He smiled. “It’s Tod, ma’am.” he looked nervous for a moment, and then leaned forward, planting a warm kiss on my cheek. I laughed, and returned the kiss, this time on his lips, resting my hand on his shoulder for a moment. When I stood up from my wheel chair, I felt as though I could take on the world.

A shame that I was taking on the sun.

My next stop was Dane’s apartment. The door hung slightly open. I swallowed, and drew my gun from my purse, checking it. The double action assembly was still damaged, forcing me to thumb the tremendous hammer back manually. Thankfully, I was well-used to the motion. I lifted the gun to a vertical position, and slowly pushed the door open.
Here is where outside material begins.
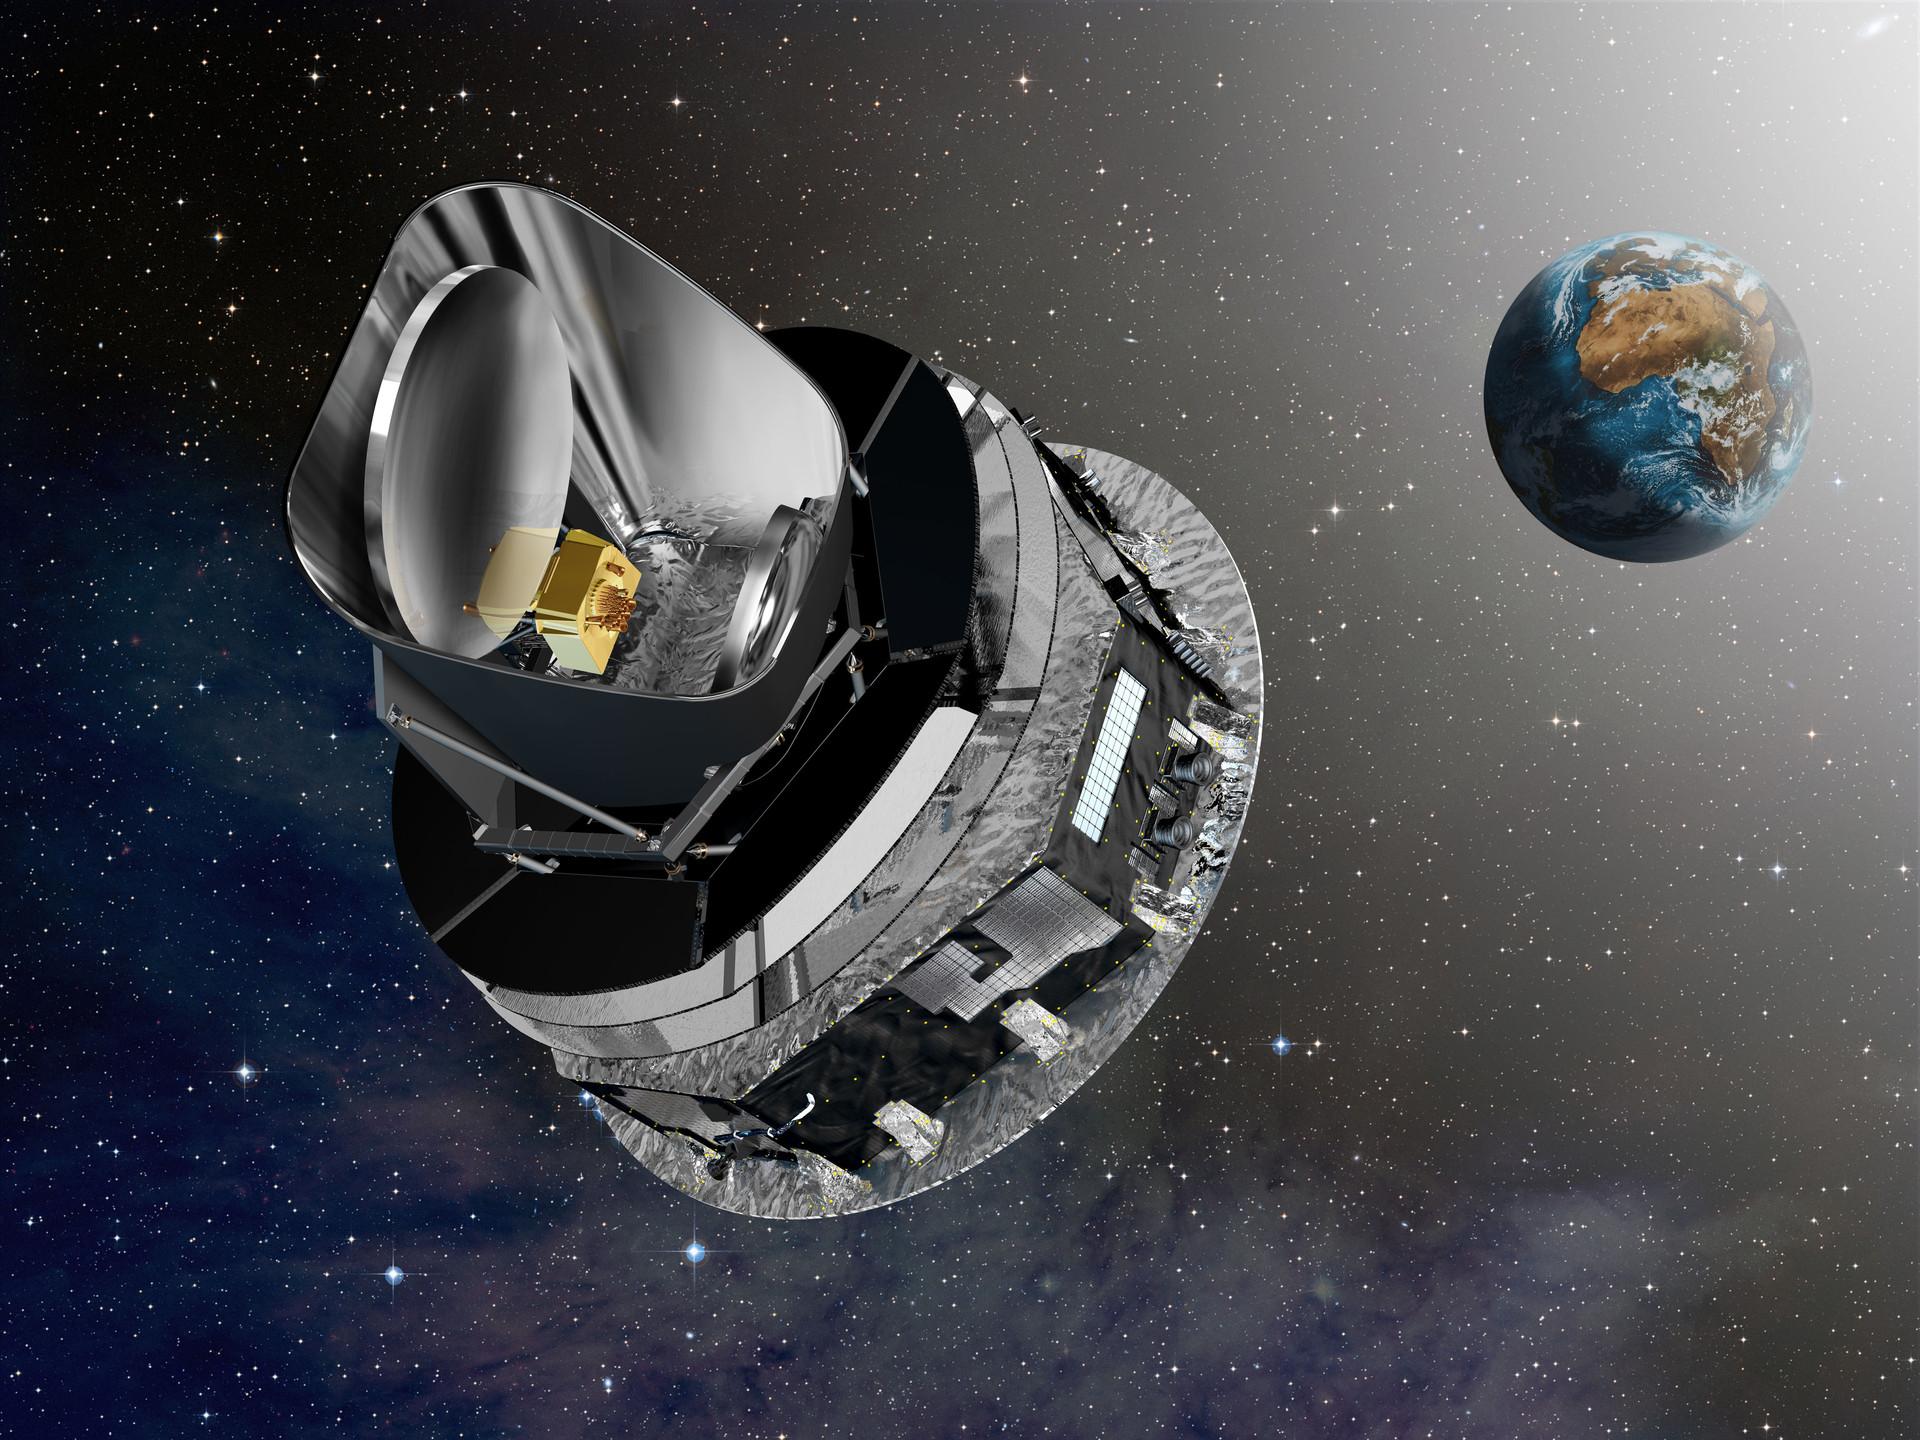 The planck satellite to its work orbit (artist's view)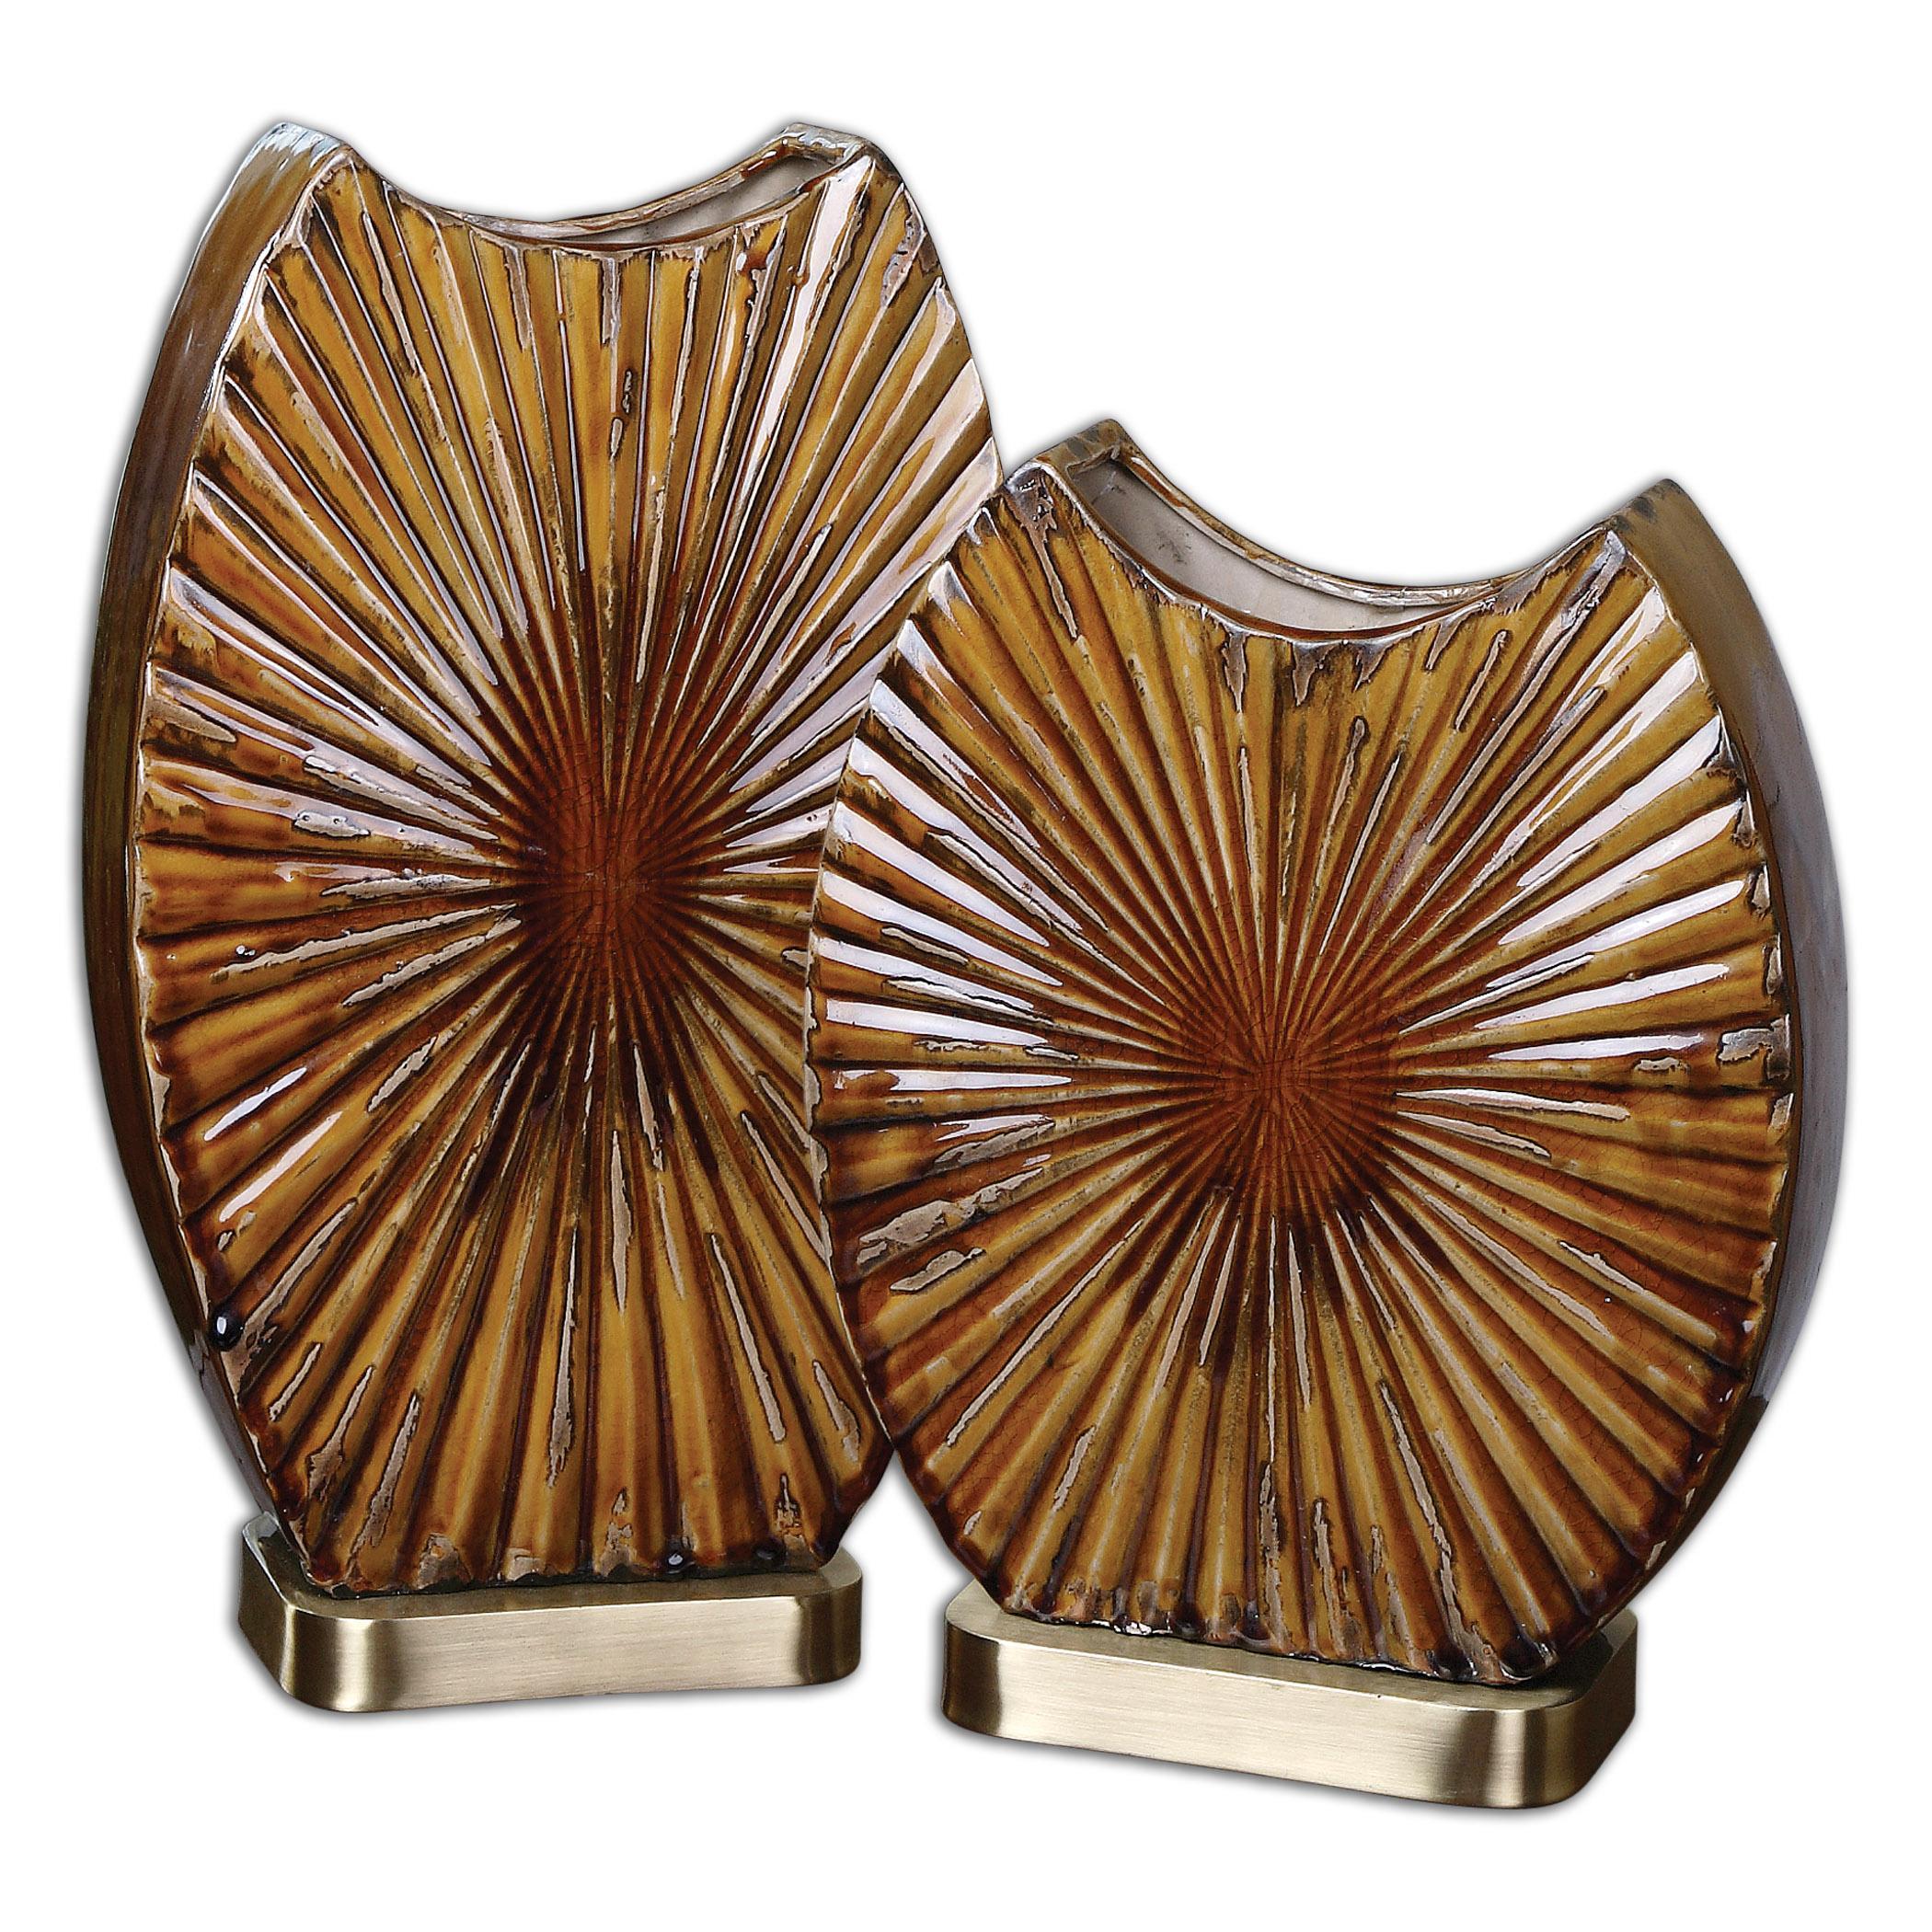 Uttermost Accessories Zarina Marbled Ceramic Vases Set of 2 - Item Number: 19867

Dane lay on the bed, sprawled out. A blanket was gently draped over her, and a glass of water sat on the table near her head. A liquor bottle sat in the trash. I shook my head softly, frowning. I did not drink, not least because I got little out of it, but also for any number of other reasons. I slowly crept over to the outlet in the wall, where her smart phone was placed. I’d watched her input the code half a dozen times with the little swipes of her thumb, and my memory was very good. I opened it, and pored through the contacts.

In Case Of Eldritch sat about halfway down the list of contacts. The last call was a few weeks ago. I nodded, and opened the tab, memorizing the number.

There was a soft click behind me. “What are you doing with my phone?”

I slowly stood, and turned. Dane was sitting up in her bed, the switchblade drawn. I frowned. “I’m about to go try to talk a goddess into helping us, and I need a bargaining chip. Why in the name of god are you using that knife?”

Her explanation was not nearly as succinct as mine. By the end of it, the glass of water was empty, and I was scrambling the two remaining eggs in her refrigerator with a few dashes of Worcestershire sauce that seemed to date from the last century. I nodded as she finished, and frowned. “It strikes me that we have a very difficult situation on our hands when it comes to interrogating this Jackass.”

“Tell me about it.” Dane lounged on the couch, one leg lifted, Jack sitting on the chair across from her. “But I’m hoping that with you, me, and Ariel in the room, his tactics will be less effective. He messes with people’s heads, screws around with them. If they’ve got backup, people they trust to support them, he can’t just pour poison in our ears.” She frowned. “It’s not much, but it’s the best I can think of to soften the blow. I don’t know how to deal with someone like that. There’s no good way that we can legally prevent him from talking to people. I don’t know if we can let him live.”

“It sounds like you’re suggesting that we murder him and cover it up,” I said levelly. Dane flashed me a hard look, and I shrugged. “I cannot say that I entirely disagree with the attitude. It is an ugly thing to do, but we seem to be out of the pretty options.” I frowned. “Perhaps we could appeal to one of the gods. Have him locked up in some underworld with a gag in his mouth for the rest of eternity. There’s always something to be said for a fate worse than death, and from what you’ve told me, the man has more than earned it.”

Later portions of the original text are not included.